WHAT IS EXPECTED:
Within the listing below, give again exactly the lines between the one containing "Μέγιστο βάθος: 130m" and the one containing "Jual Benefit-Fiona Seamless", inclusive, pictures left aside.

SUPPLIED DATA:
----

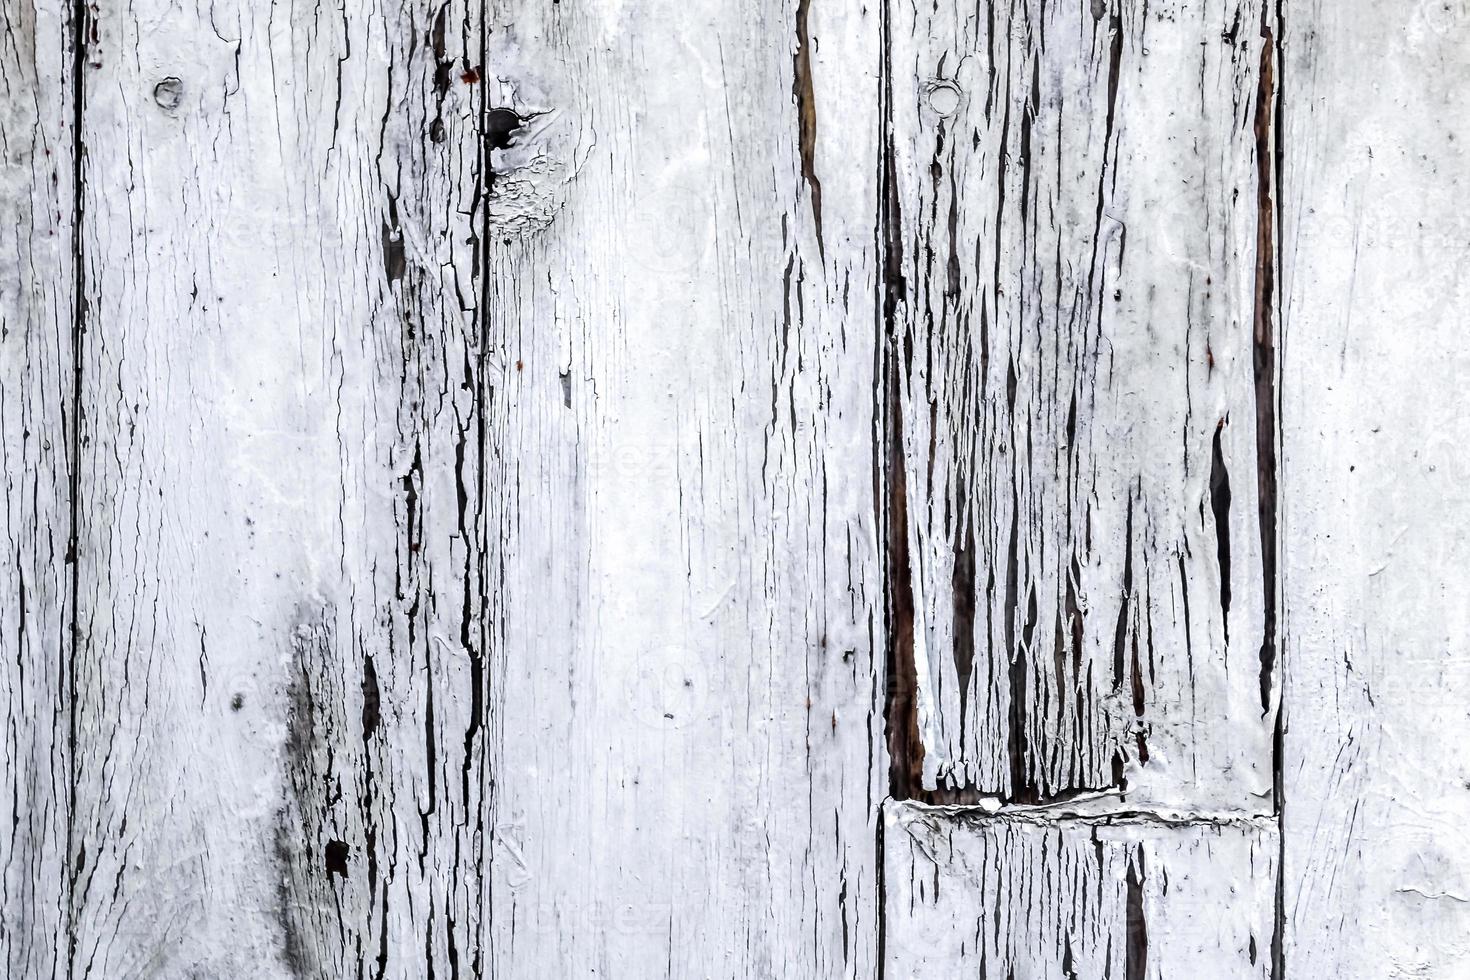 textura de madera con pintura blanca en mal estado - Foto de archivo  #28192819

----

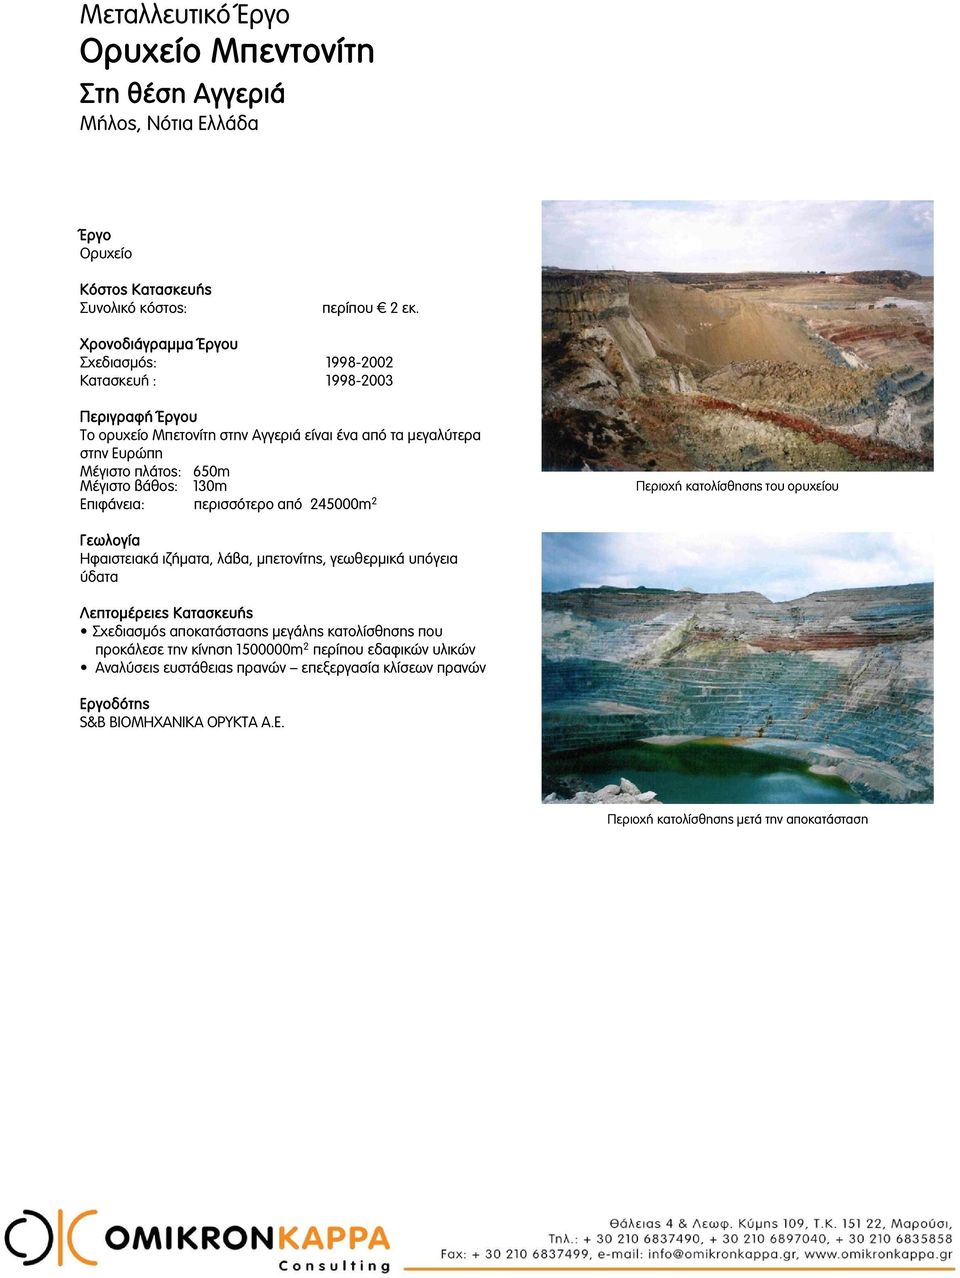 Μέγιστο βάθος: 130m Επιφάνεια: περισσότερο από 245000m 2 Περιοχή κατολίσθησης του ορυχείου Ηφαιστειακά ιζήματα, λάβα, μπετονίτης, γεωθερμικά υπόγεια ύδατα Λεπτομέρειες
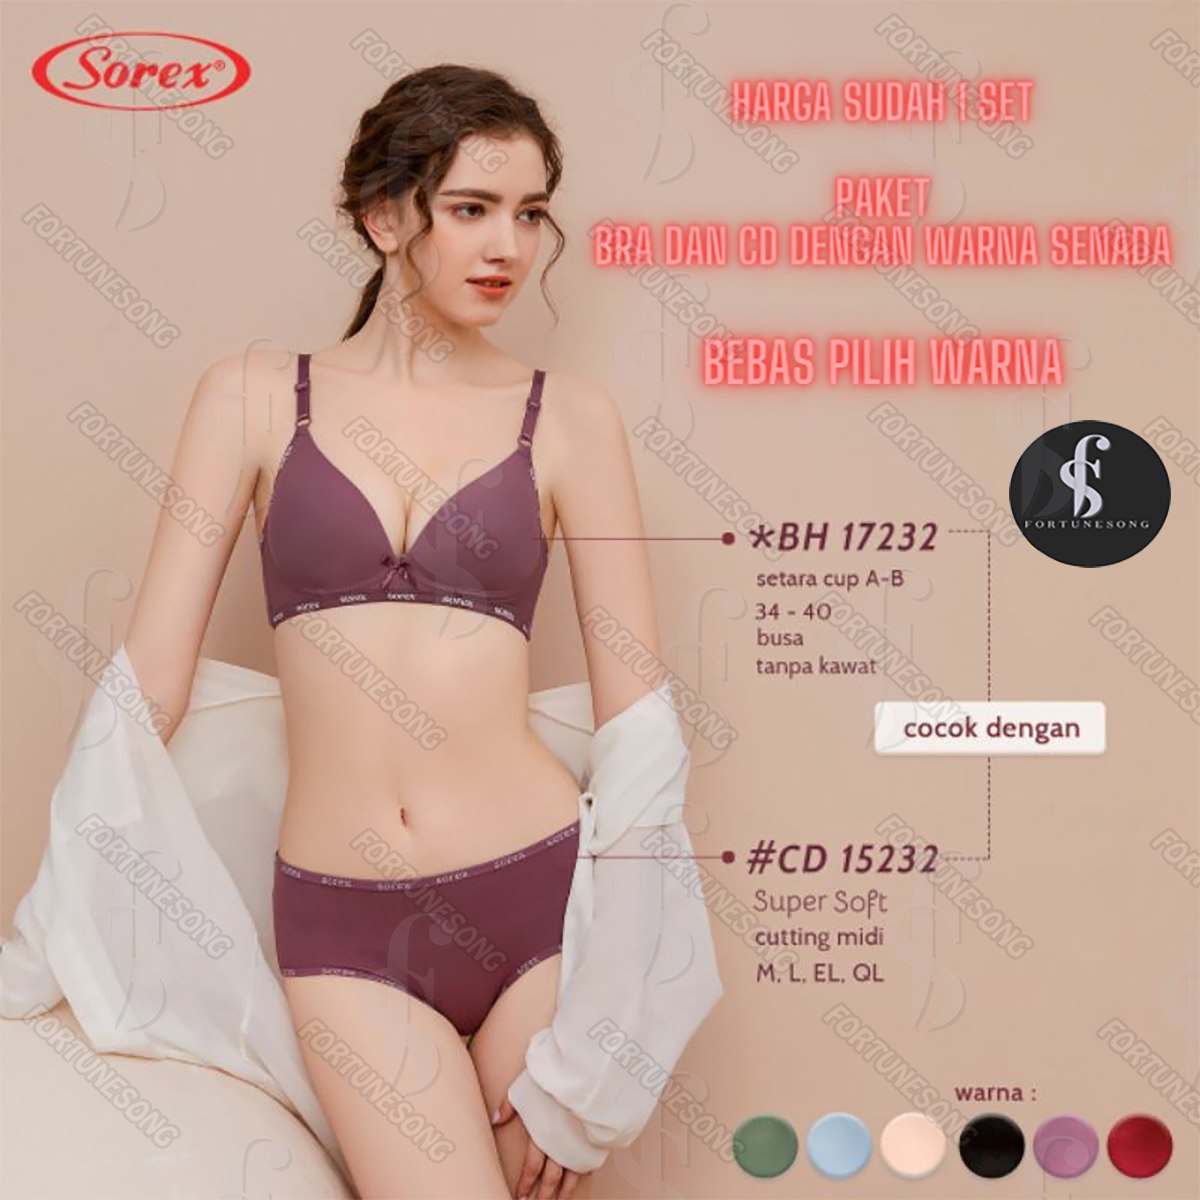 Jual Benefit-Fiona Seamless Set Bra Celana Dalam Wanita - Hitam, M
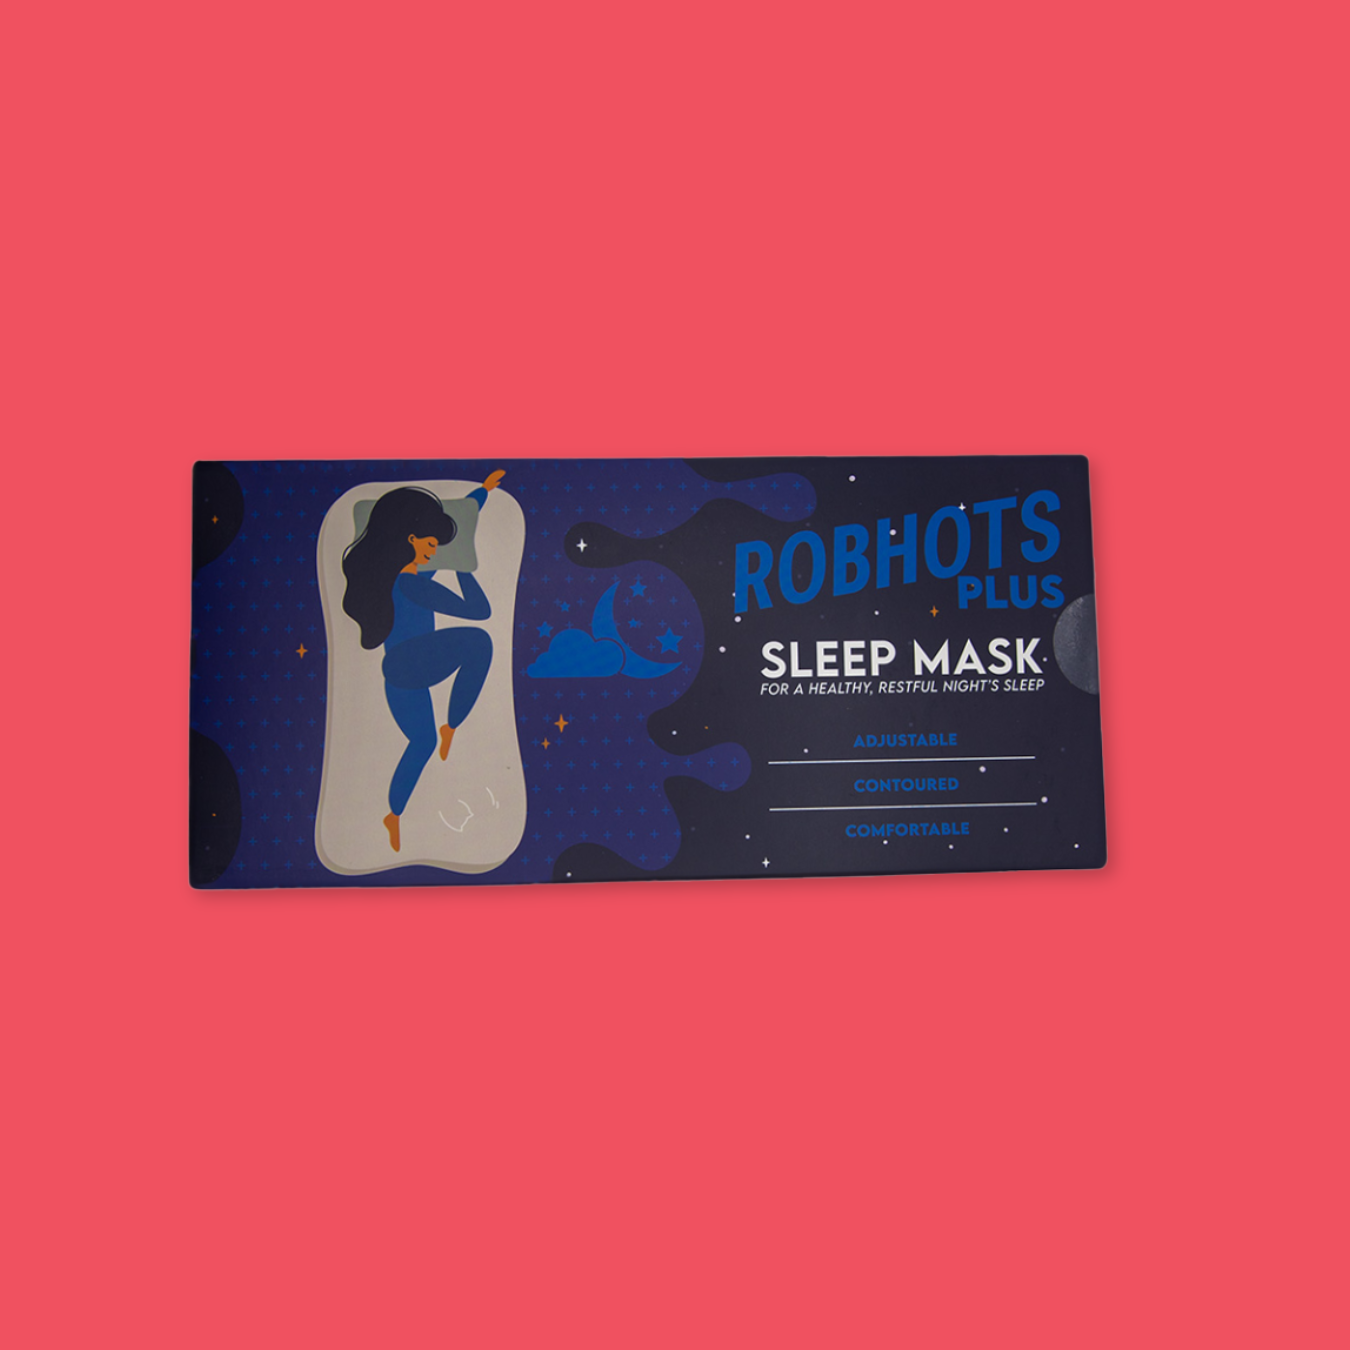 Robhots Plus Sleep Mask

----

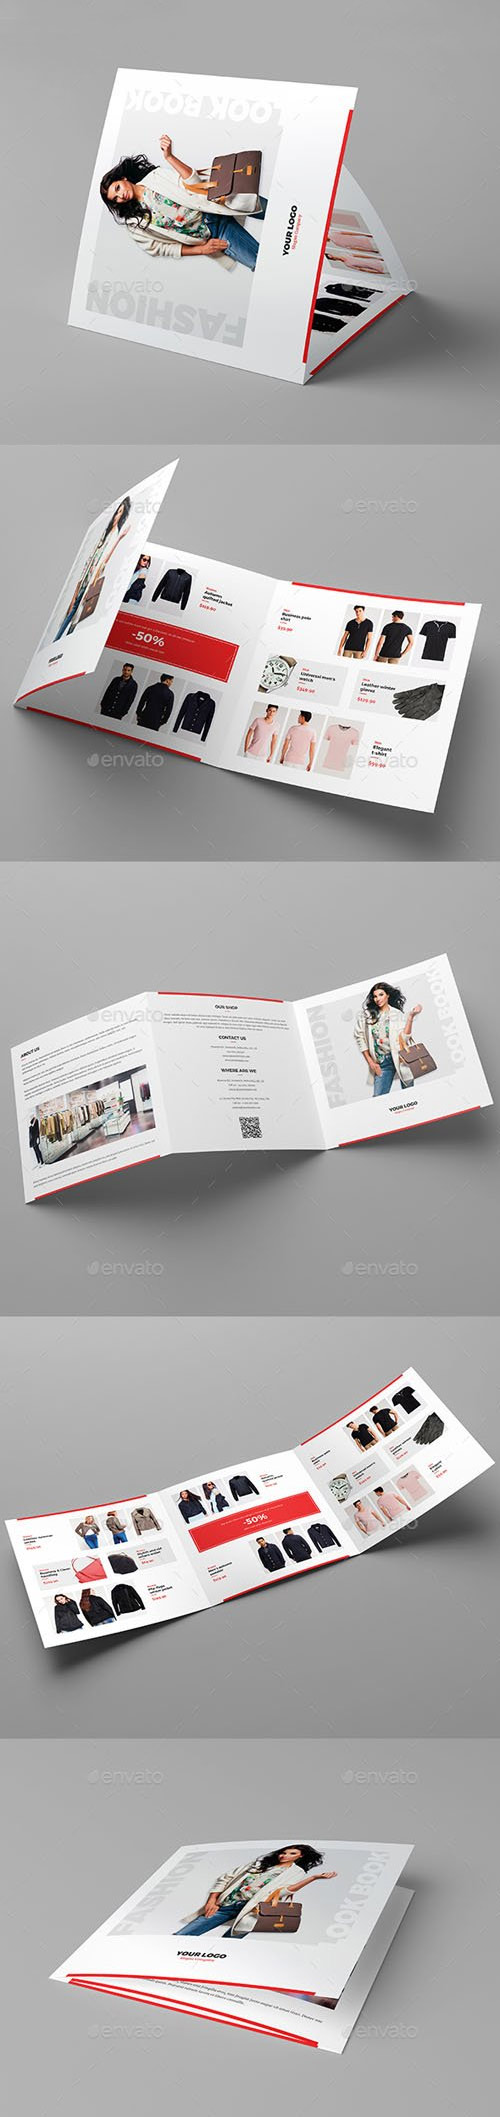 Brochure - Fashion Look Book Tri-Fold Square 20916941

----

ANSWER SPACE:
 Μέγιστο βάθος: 130m Επιφάνεια: περισσότερο από 245000m 2 Περιοχή κατολίσθησης του ορυχείου Ηφαιστειακά ιζήματα, λάβα, μπετονίτης, γεωθερμικά υπόγεια ύδατα Λεπτομέρειες
 Jual Benefit-Fiona Seamless Set Bra Celana Dalam Wanita - Hitam, M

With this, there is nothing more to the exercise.